Le problème est la persistance de cette politique d'urgence. "Les politiques monétaires accommodante n'ont pas vocation à durer. Le risque est qu'elles s'éternisent. À l'heure actuelle, on voit que les capitalisations des banques subissent les baisses de rendements et les taux négatifs. Et plus vous avez une politique monétaire accommodante qui dure, plus il y a un risque d'éclatement de bulle obligataire", poursuit-il.

En effet, les banques centrales ont massivement investi sur le marché dans différents titres, comme des dettes ou, dans le cas de la Banque du Japon, dans des actions. Mais vu leur puissance de feu, des distorsions sévères ont lieu sur ces marchés.
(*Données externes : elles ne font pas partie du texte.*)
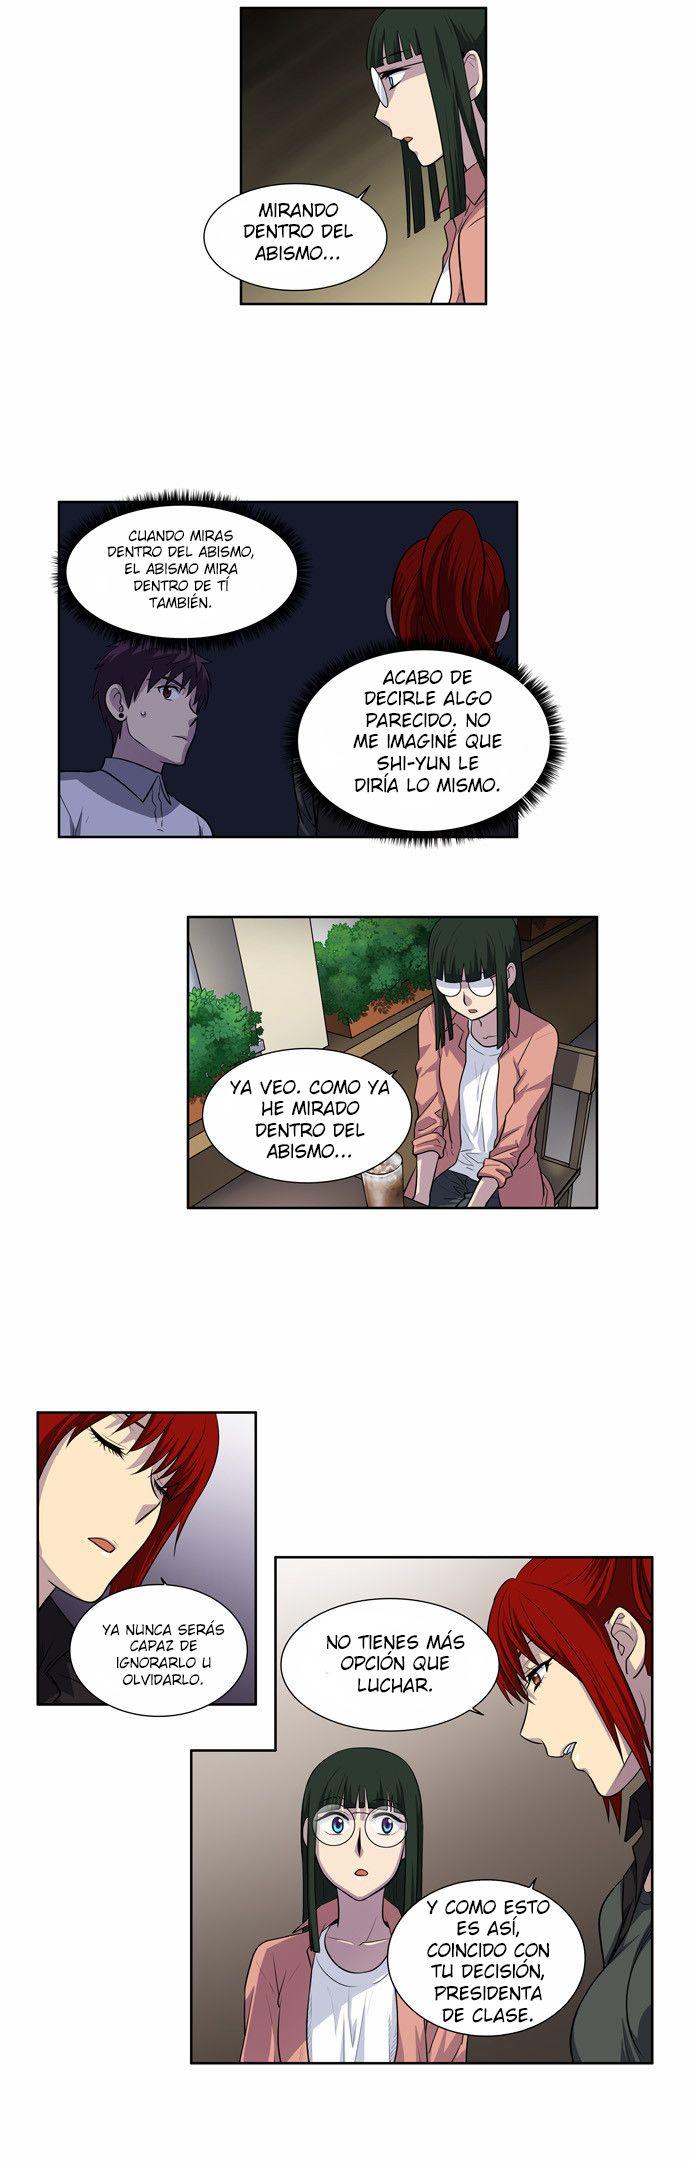 https://c5.ninemanga.com/es_manga/61/1725/476787/dd95829de39fe21f384685c07a1628d8.jpg Page 6

"Les mécanismes traditionnels des marchés obligataires sont troublés. C'est vrai au Japon sur les obligations d'État, c'est aussi vrai en zone euro où la présence de la BCE fait que les rendements obligataires ne sont plus du tout attractifs pour les épargnants et donc pour les gérants d'épargne", souligne Jean-Louis Mourier. L'Italie et l'Espagne, des pays considérés comme en difficulté, se financent ainsi à des taux négatifs sur des courtes maturités (2-3 ans). Impensable il y a encore deux ans.

La fin de la guerre?

Le constat est également vrai pour la dette des entreprises. La Banque centrale européenne a commencé à acheter ces titres au printemps dernier. Le Financial Times faisait, il y a deux jours, remarquer que logiquement avec les achats de la BCE, les prix de ces titres de dette augmentent et donc les rendements baissent. Mais dans le même temps la prime des CDS, c'est-à-dire l'argent qu'il faut verser pour s'assurer contre un défaut sur la dette de ces entreprises, ne bouge pas. Ce qui signifie que "les prix des obligations ne reflètent plus la santé financière de ces entreprises", selon le journal britannique. "Il y a une déconnexion car vous avez un acheteur puissant qui, dans ses achats, n'est pas déterminé par la qualité des titres qu'il achète", abonde Jean-Louis Mourier. Le diagnostic est similaire au Japon, où plusieurs observateurs estiment que les achats d'actions de la Banque du Japon tirent artificiellement les cours vers le haut.

Dernière critique: en investissant massivement sur les marchés, les banques centrales n'incitent pas les entreprises et les gouvernements à faire des efforts. Pourquoi, en effet, se décarcasser si les banques centrales leur donnent de l'oxygène?

Mais, selon Alexandre Baradez, "la guerre des banques centrales va probablement aller en s'apaisant". L'analyste estime que la Fed a désormais "une fenêtre de tir" pour normaliser sa politique monétaire, avec des hausses de taux vers la fin de l'année. Ce qui ferait baisser l'euro voire le yen et donnerait du mou à la BCE et la Banque du Japon pour calmer le jeu. "C'est vraiment la Fed qui peut venir sonner la fin de la surenchère", insiste-t-il. Le discours de Janet Yellen de ce vendredi après-midi n'en sera que plus intéressant à suivre.